9.4.1. Data Parallelism¶
In the deep learning field, Data Parallelism is currently the most widely used method for dividing model training tasks among multiple GPUs. Recall the process for training models using optimization algorithms described in the “Mini-batch Stochastic Gradient Descent” section. Now, we will demonstrate how data parallelism works using mini-batch stochastic gradient descent as an example.
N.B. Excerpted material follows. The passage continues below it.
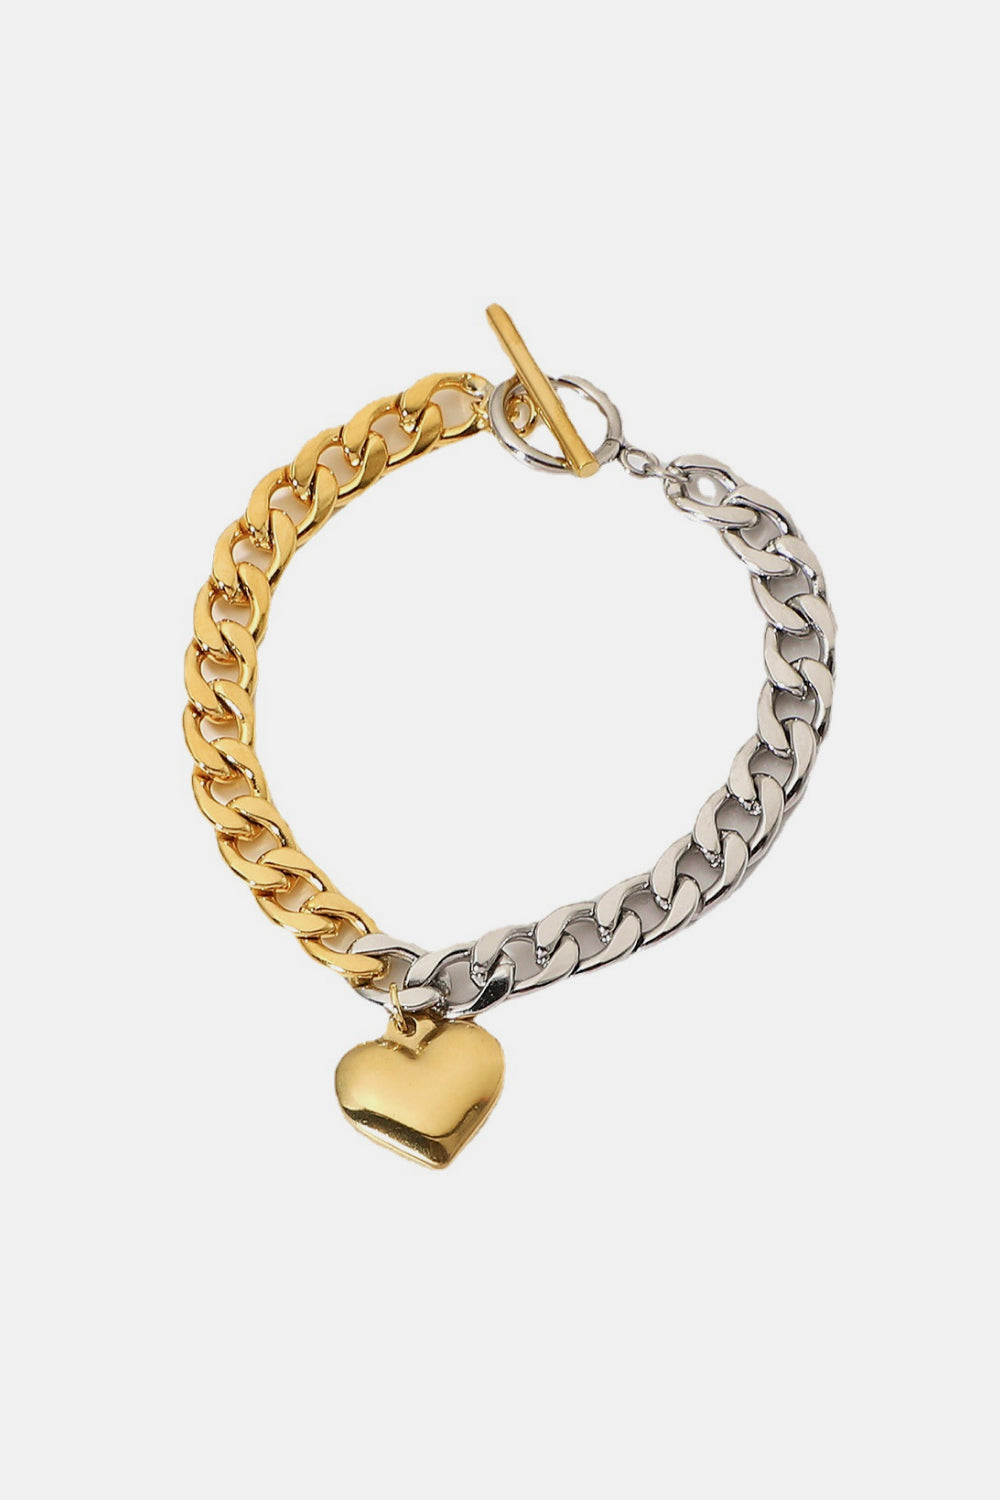 Trendsi Cupid Beauty Supplies Gold/Silver / One Size Woman Bracelets Chain Heart Charm Bracelet
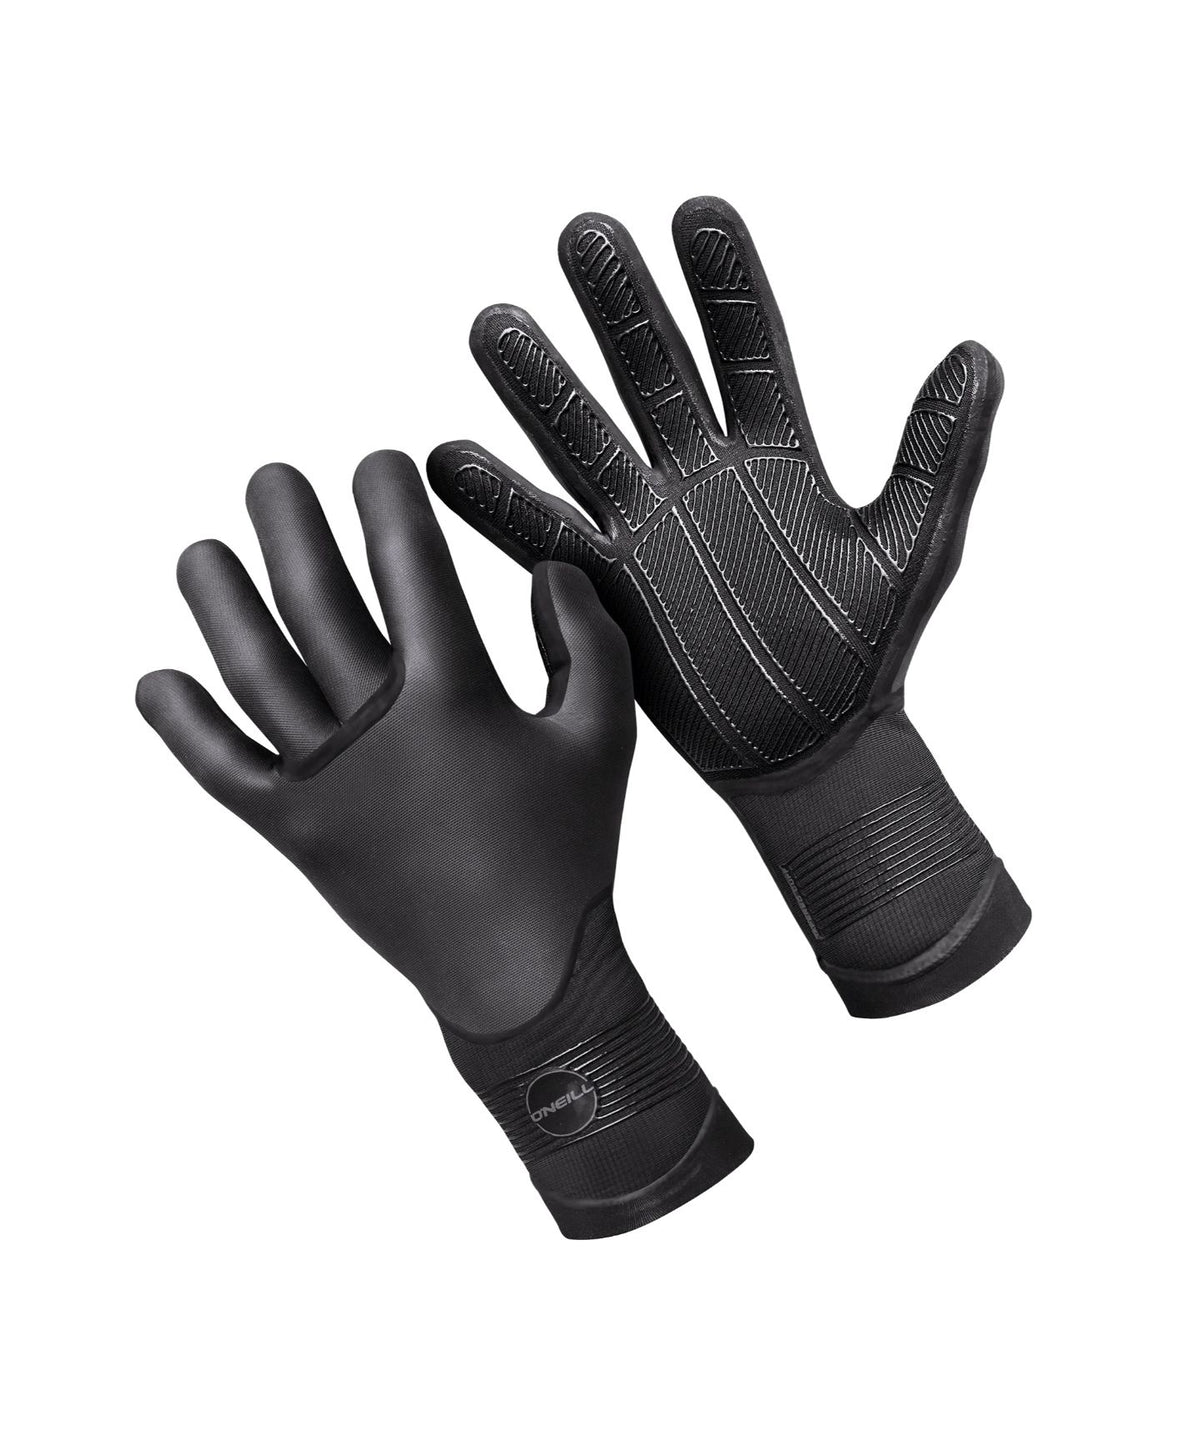 Psycho Tech 3mm Wetsuit Glove - Black

Assume there are \(k\) GPUs on a machine. Given the model to be trained, each GPU will maintain a complete set of model parameters independently. In any iteration of model training, given a random mini-batch, we divide the examples in the batch into \(k\) portions and distribute one to each GPU. Then, each GPU will calculate the local gradient of the model parameters based on the mini-batch subset it was assigned and the model parameters it maintains. Next, we add together the local gradients on the \(k\) GPUs to get the current mini-batch stochastic gradient. After that, each GPU uses this mini-batch stochastic gradient to update the complete set of model parameters that it maintains. Figure 8.1 depicts the mini-batch stochastic gradient calculation using data parallelism and two GPUs.
Fig. 9.1 Calculation of mini-batch stochastic gradient using data parallelism and two GPUs.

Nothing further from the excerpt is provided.